▶ EXERCISE
From the first line to the last, please print the entries exactly, omitting pictures.

*** RECORDS TO PROCESS ***

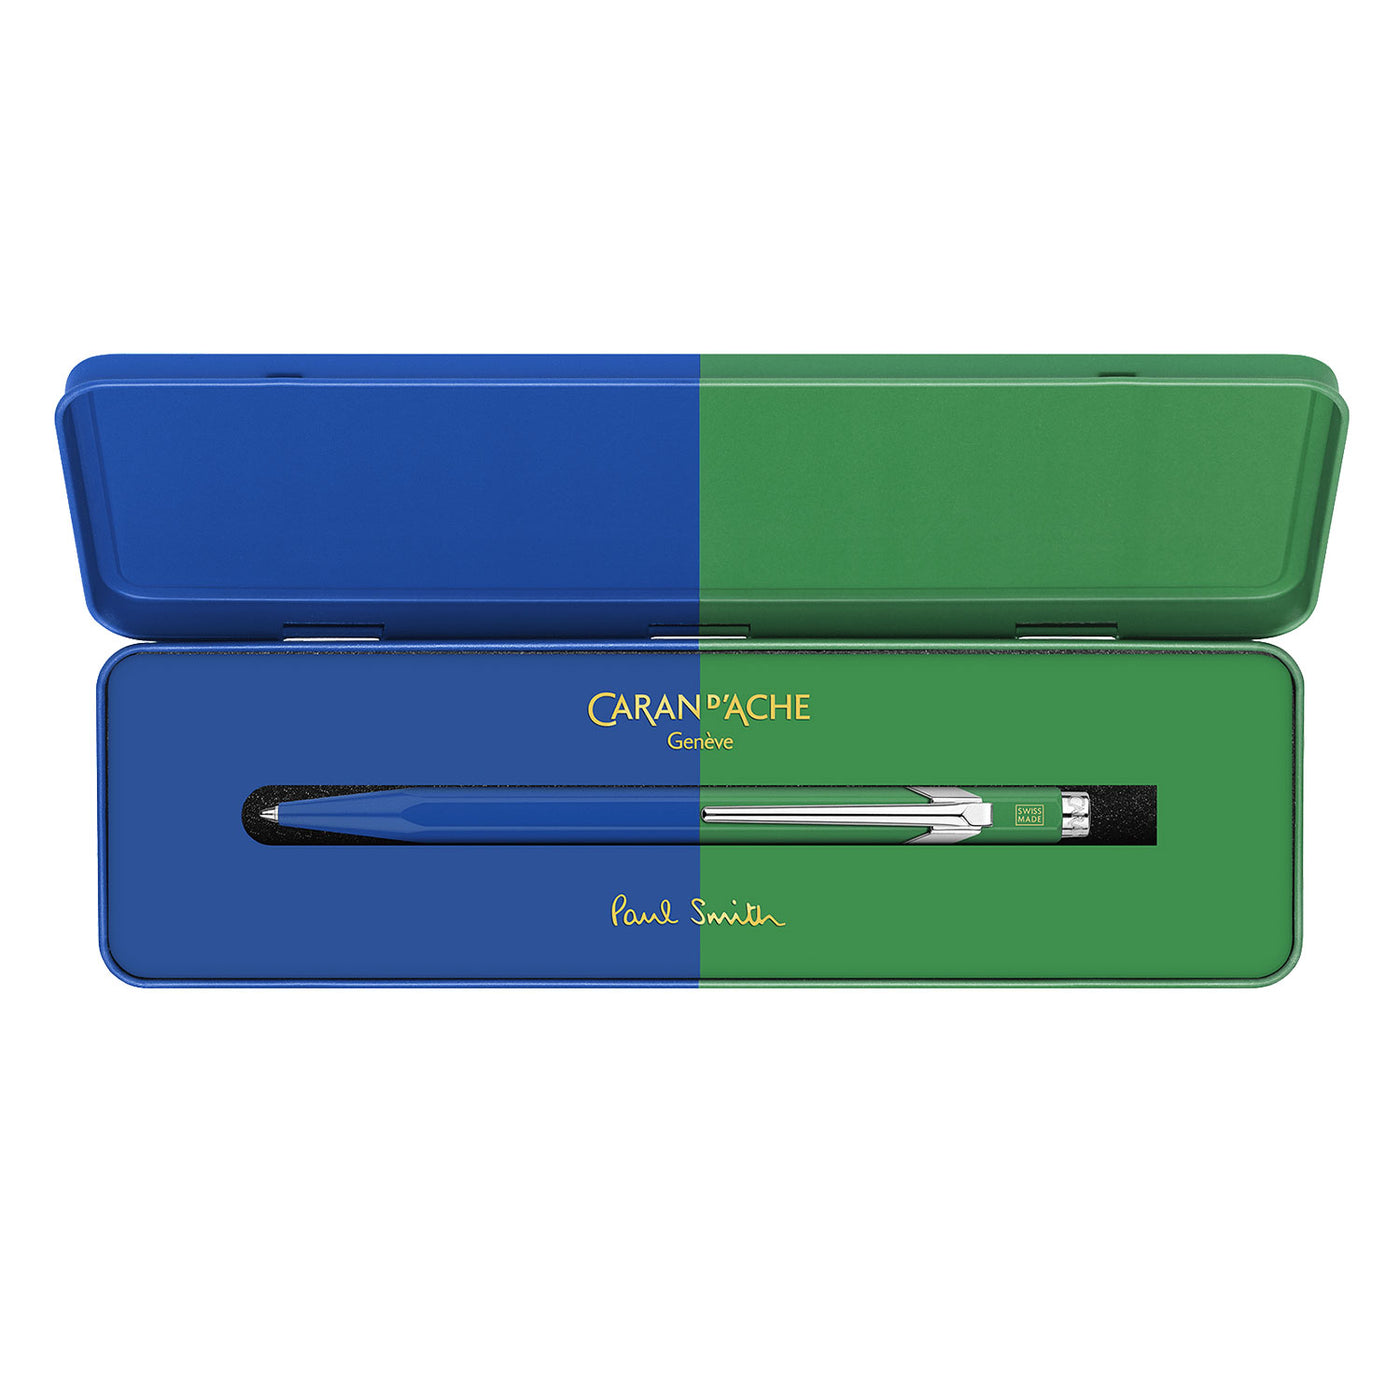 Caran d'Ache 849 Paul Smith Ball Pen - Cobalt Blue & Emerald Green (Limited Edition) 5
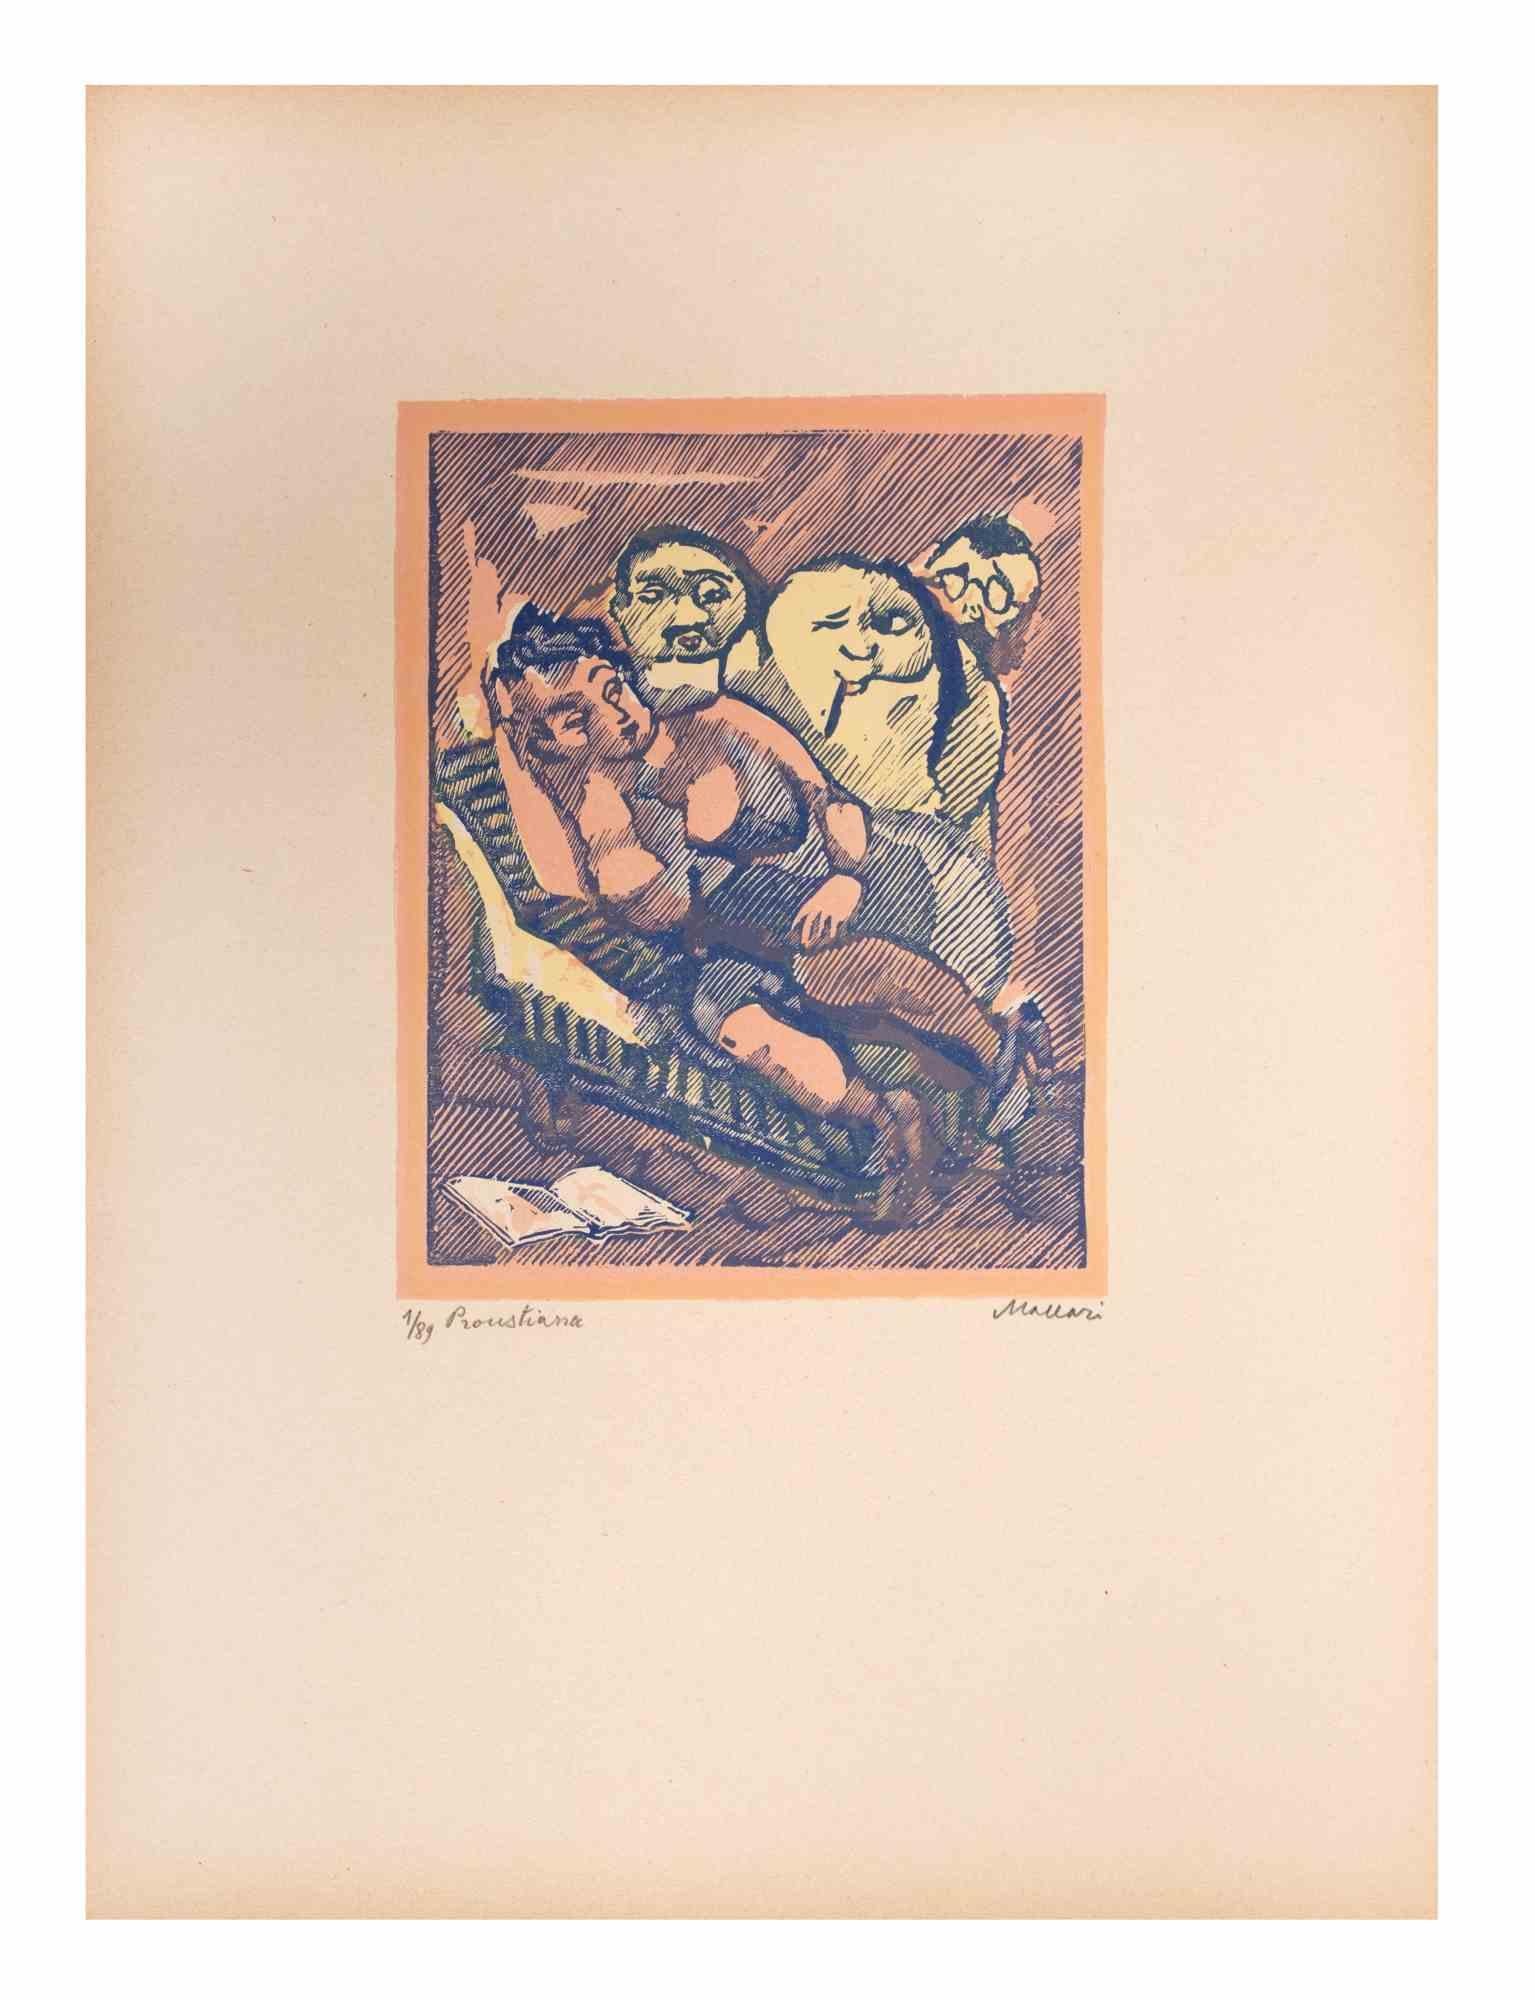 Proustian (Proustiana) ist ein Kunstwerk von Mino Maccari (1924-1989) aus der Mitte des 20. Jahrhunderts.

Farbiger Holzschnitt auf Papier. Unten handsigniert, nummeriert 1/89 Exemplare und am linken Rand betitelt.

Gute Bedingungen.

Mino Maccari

***

▶ OUTPUT OF THE EXERCISE
 Caran d'Ache 849 Paul Smith Ball Pen - Cobalt Blue & Emerald Green (Limited Edition) 5
 Proustian (Proustiana) ist ein Kunstwerk von Mino Maccari (1924-1989) aus der Mitte des 20. Jahrhunderts.

Farbiger Holzschnitt auf Papier. Unten handsigniert, nummeriert 1/89 Exemplare und am linken Rand betitelt.

Gute Bedingungen.

Mino Maccari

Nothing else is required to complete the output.